= Platon Panyutin =

Platon Sergeevich Panjutin (Платон Сергеевич Панютин, 1889 – 1946) was a Russian chemist, botanist, naturalist, and mountain climber. He collected botanical specimens in the southern part of the Caucasus Mountains in Abkhazia.

Panjutin was a chemist by education, but his love of nature made botany his second specialty; he became a great researcher and herbarium collector of the flora of Abkhazia (Feodorov 1948).

In 1913 the botanist G. Sakharov collected a snowdrop (genus Galanthus) near Gagra at 1,600 meters.
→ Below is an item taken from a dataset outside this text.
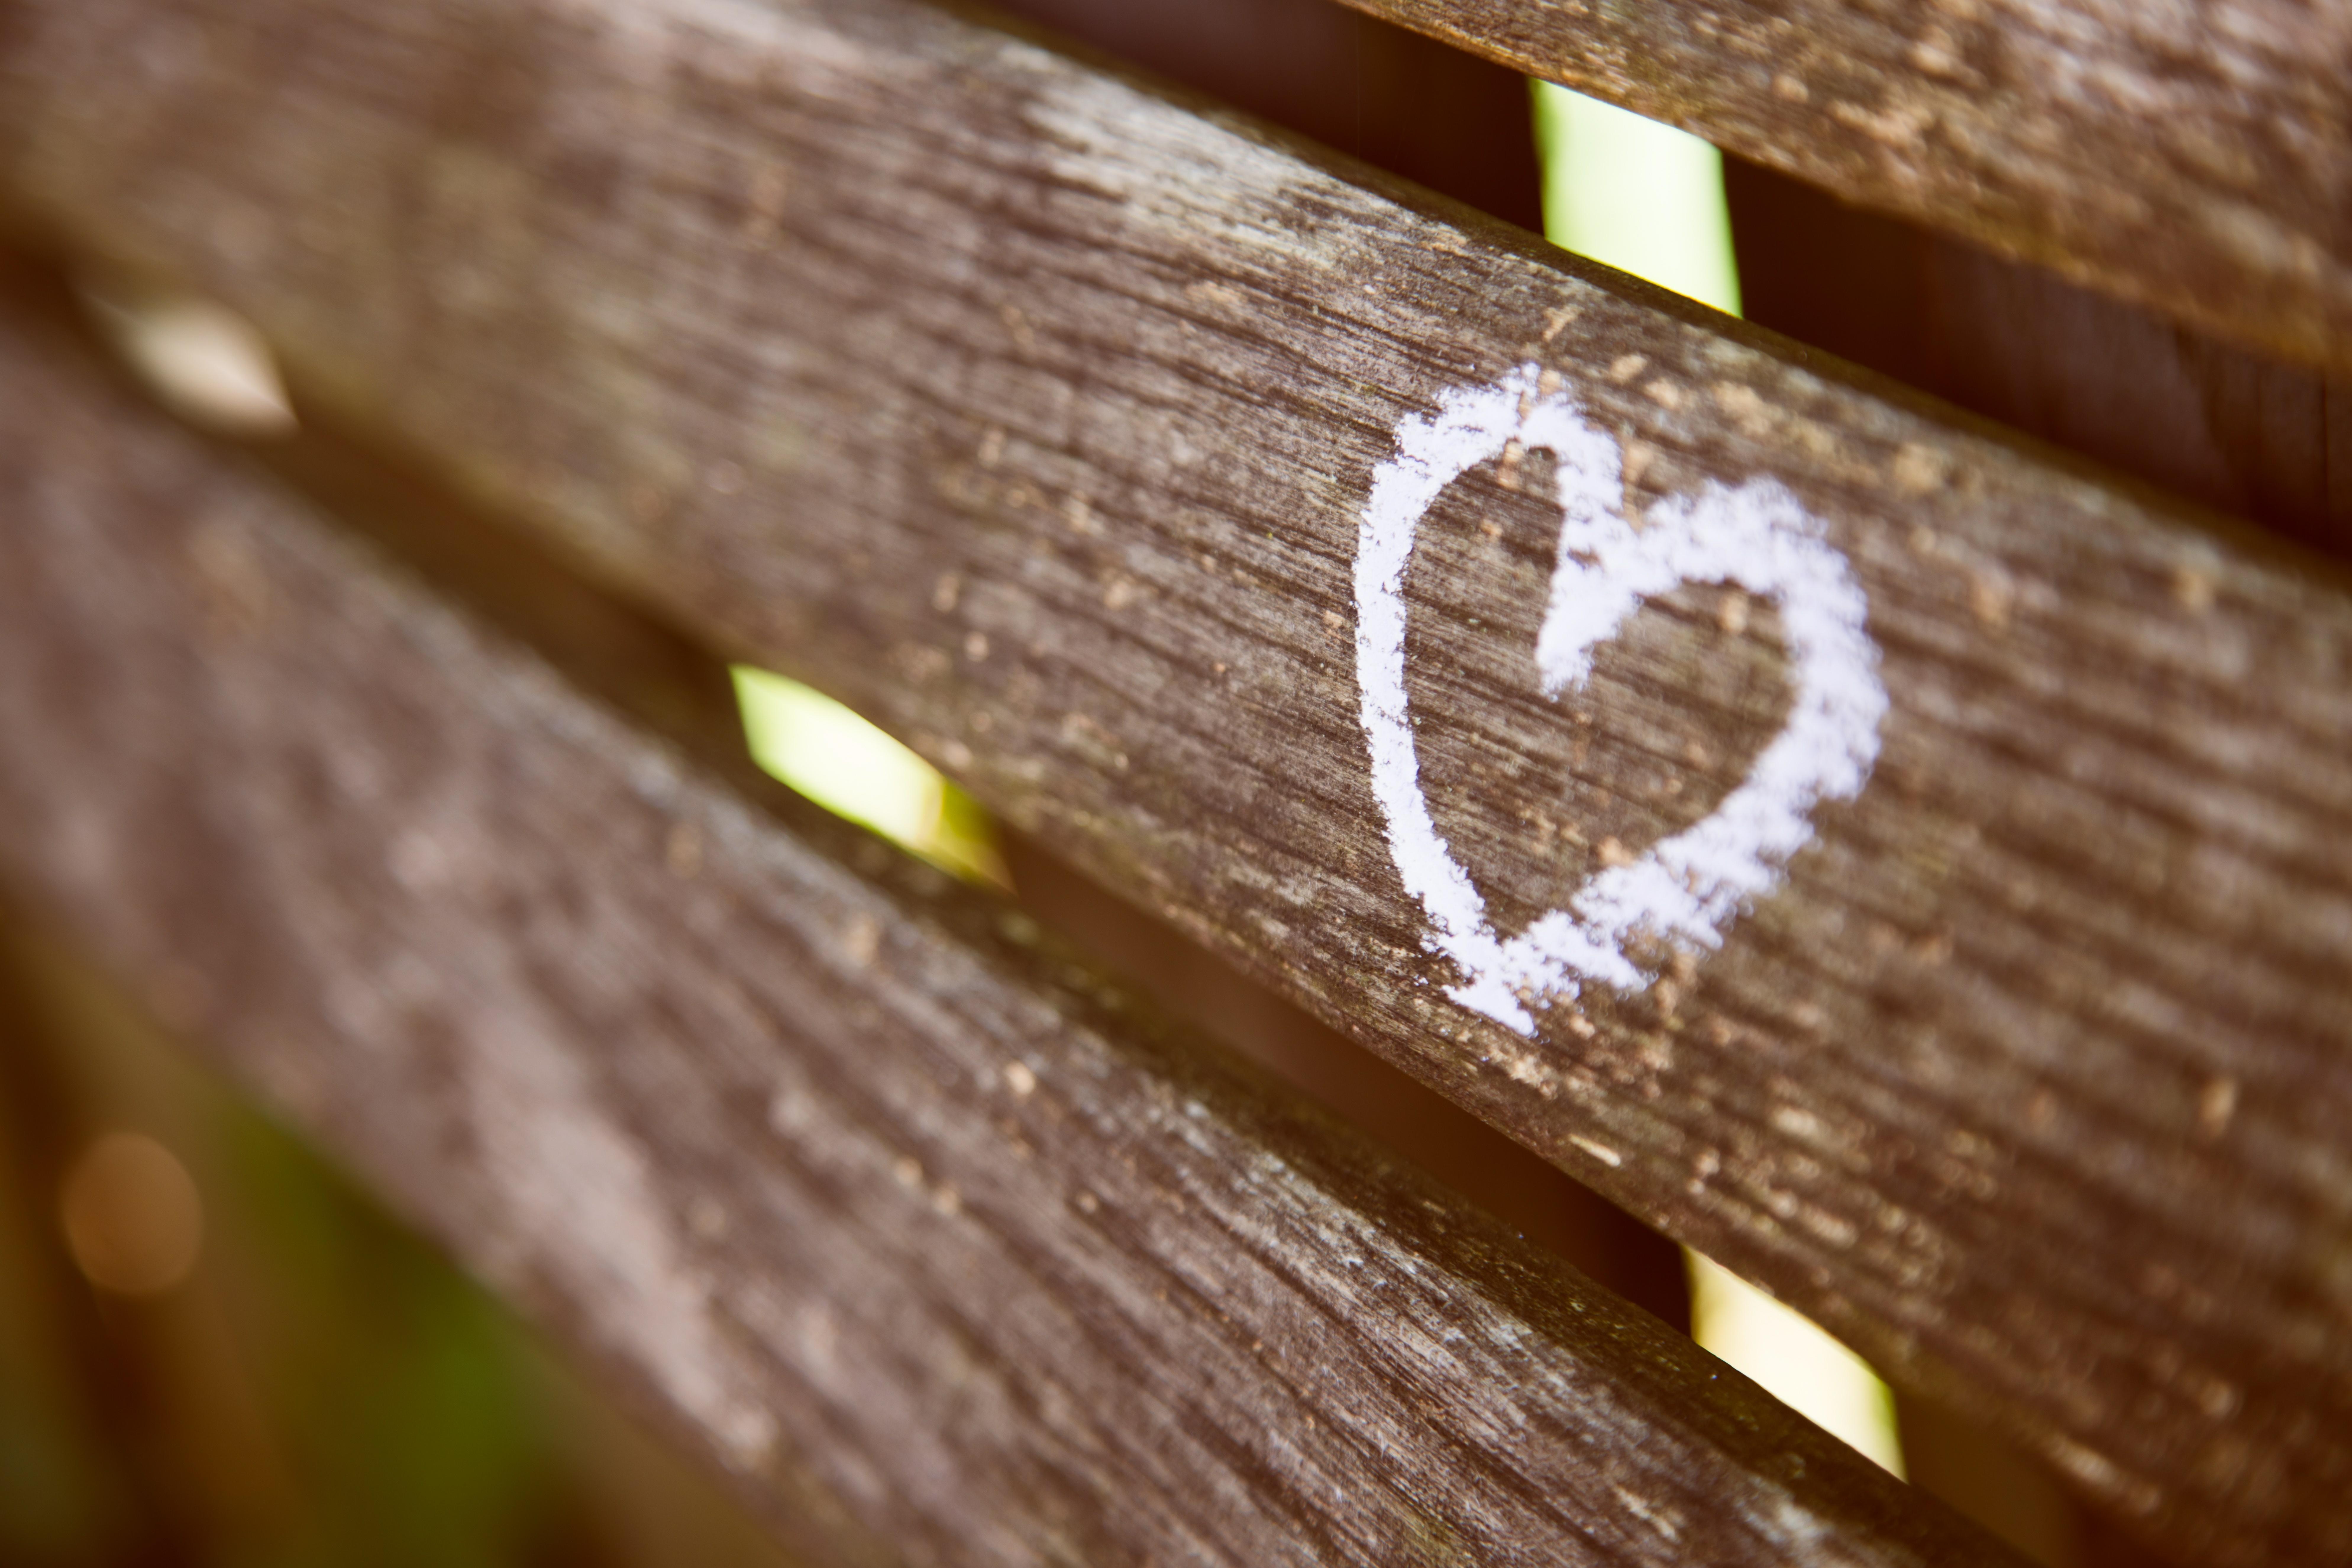 Herzinfarkt: Ein Herz ist mit weißer Kreide auf einen Holzzaun gemalt.

After studying the botanical specimen, Panjutin named its species Galanthus valentinae. However, Panjutin did not validly publish the name according to the rules of the International Code of Botanical Nomenclature. For about a century, botanists regarded G. valentinae as a synonym for G. krasnovii. In 2008 Dmitri Zubov and Olga Bondareva collected in western Transcaucasia a snowdrop specimen. According to Zubov and Aaron P. Davis (from Kew) the 2008 specimen belonged to the same species as Sakharov's 1913 specimen and, furthermore, the two specimens belonged to a species different from the 19 known species in the genus Galanthus. Zubov and Davis named the new species Galanthus panjutinii in honor of Panjutin.

==Eponyms==
- Galanthus panjutinii

==Selected publications==
- Panjutin, P. (1930). "Zur Frage der Gewinnung des reinen Glyzerids der Rizinolsäure"
- Marder, M. (1938). "Mineralölprodukte"
- Panjutin, P. S. "Tall herbaceous vegetation of the West Caucasus." Izvestia Russk Geogr Obschestva 71, no. 9 (1939): 27–45.
- Panjutin, P. S. "Mires of Colchide." Botanicheskii Zhurnal of USSR 27, no. 5 (1942): 94–107.